> [Task item]
Output the data below exactly, images excluded.

> [Source material]
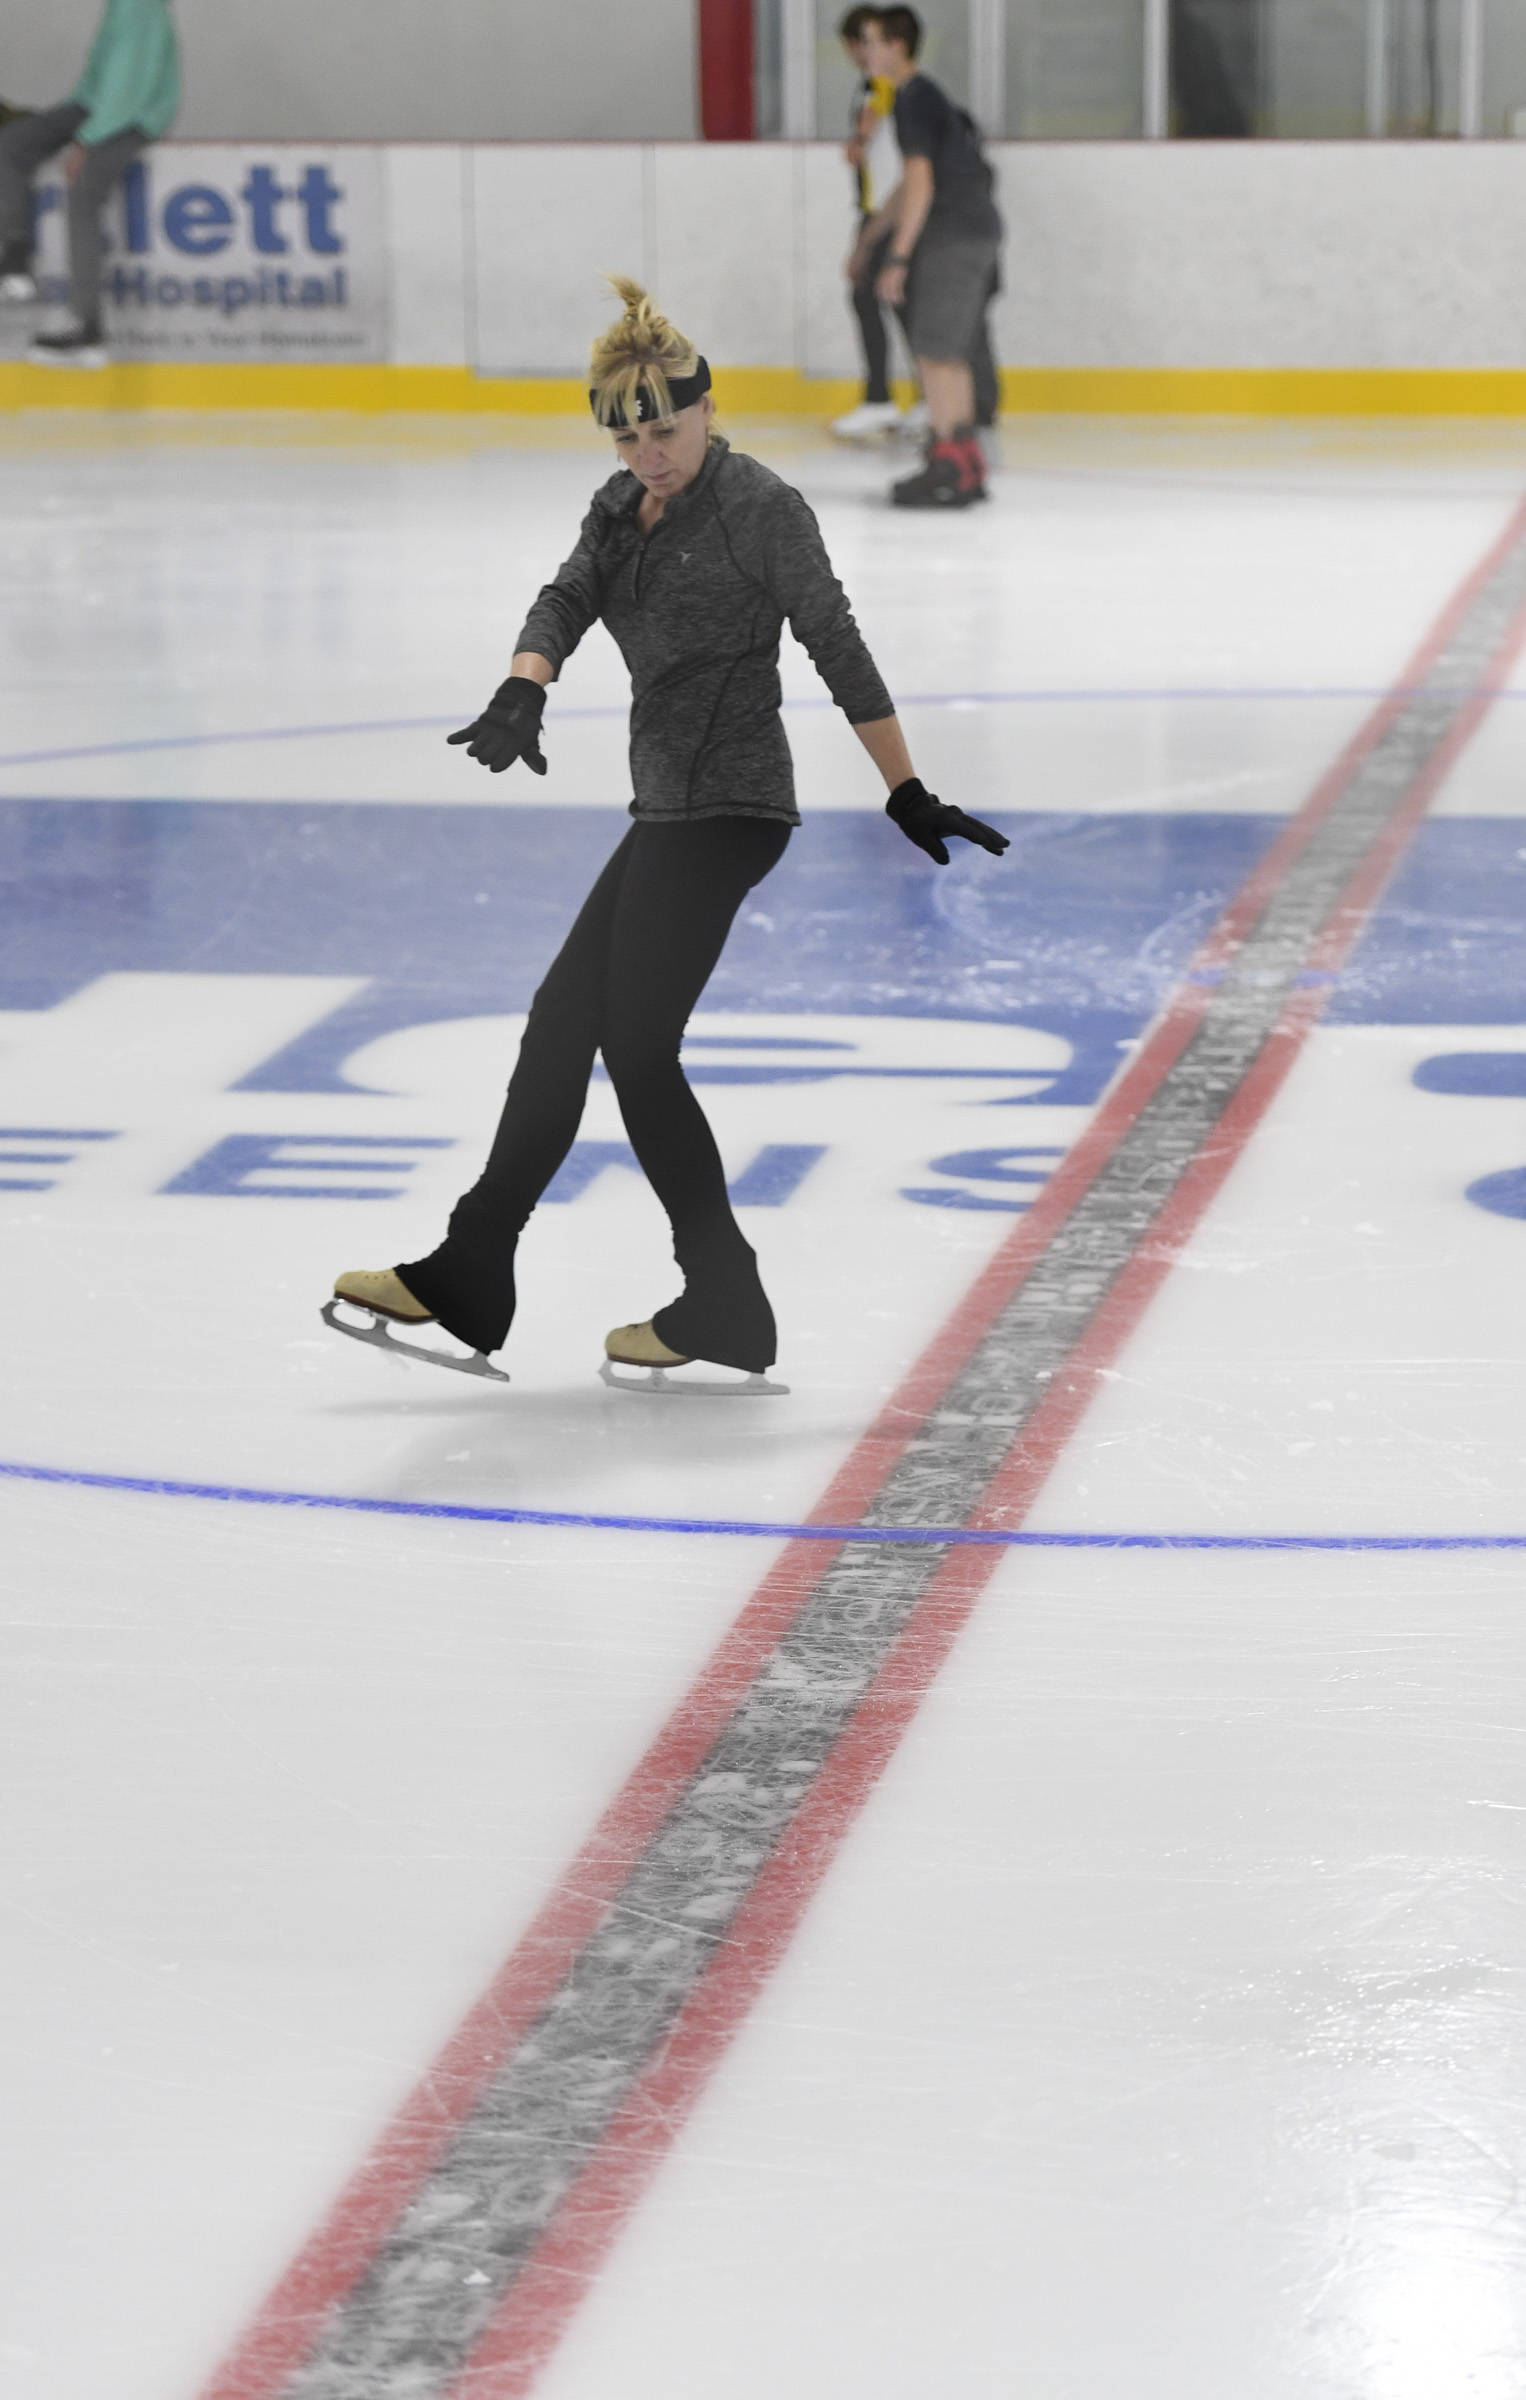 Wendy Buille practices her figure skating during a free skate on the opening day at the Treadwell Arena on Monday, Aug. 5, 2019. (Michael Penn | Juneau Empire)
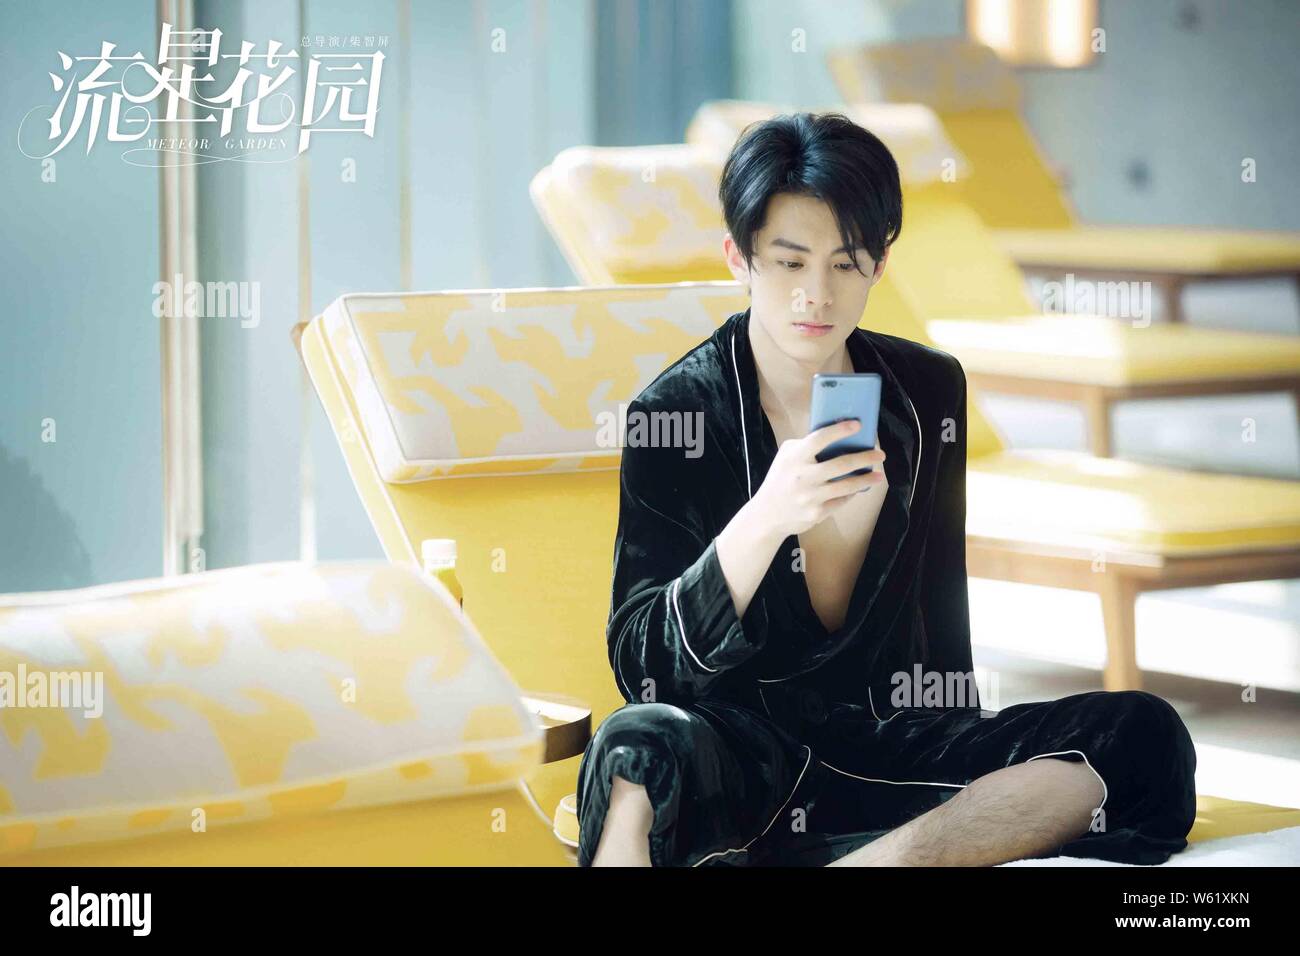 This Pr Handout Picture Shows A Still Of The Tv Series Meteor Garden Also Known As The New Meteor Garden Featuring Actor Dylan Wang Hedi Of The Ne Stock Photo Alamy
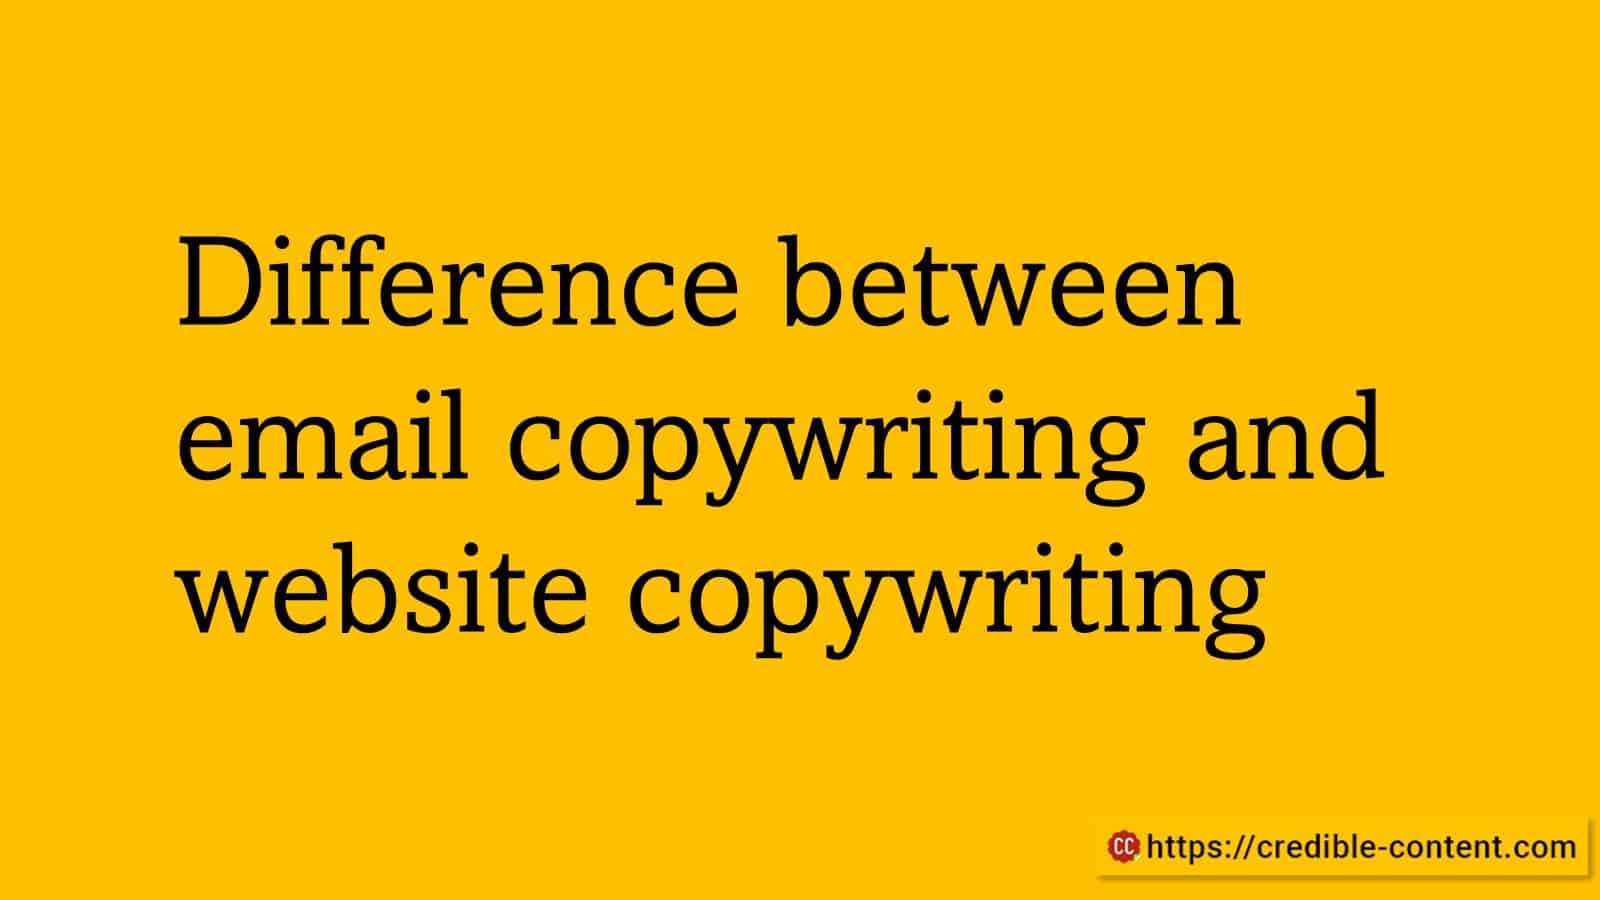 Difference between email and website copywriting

> [Answer section]
 Wendy Buille practices her figure skating during a free skate on the opening day at the Treadwell Arena on Monday, Aug. 5, 2019. (Michael Penn | Juneau Empire)
 This Pr Handout Picture Shows A Still Of The Tv Series Meteor Garden Also Known As The New Meteor Garden Featuring Actor Dylan Wang Hedi Of The Ne Stock Photo Alamy
 Difference between email and website copywriting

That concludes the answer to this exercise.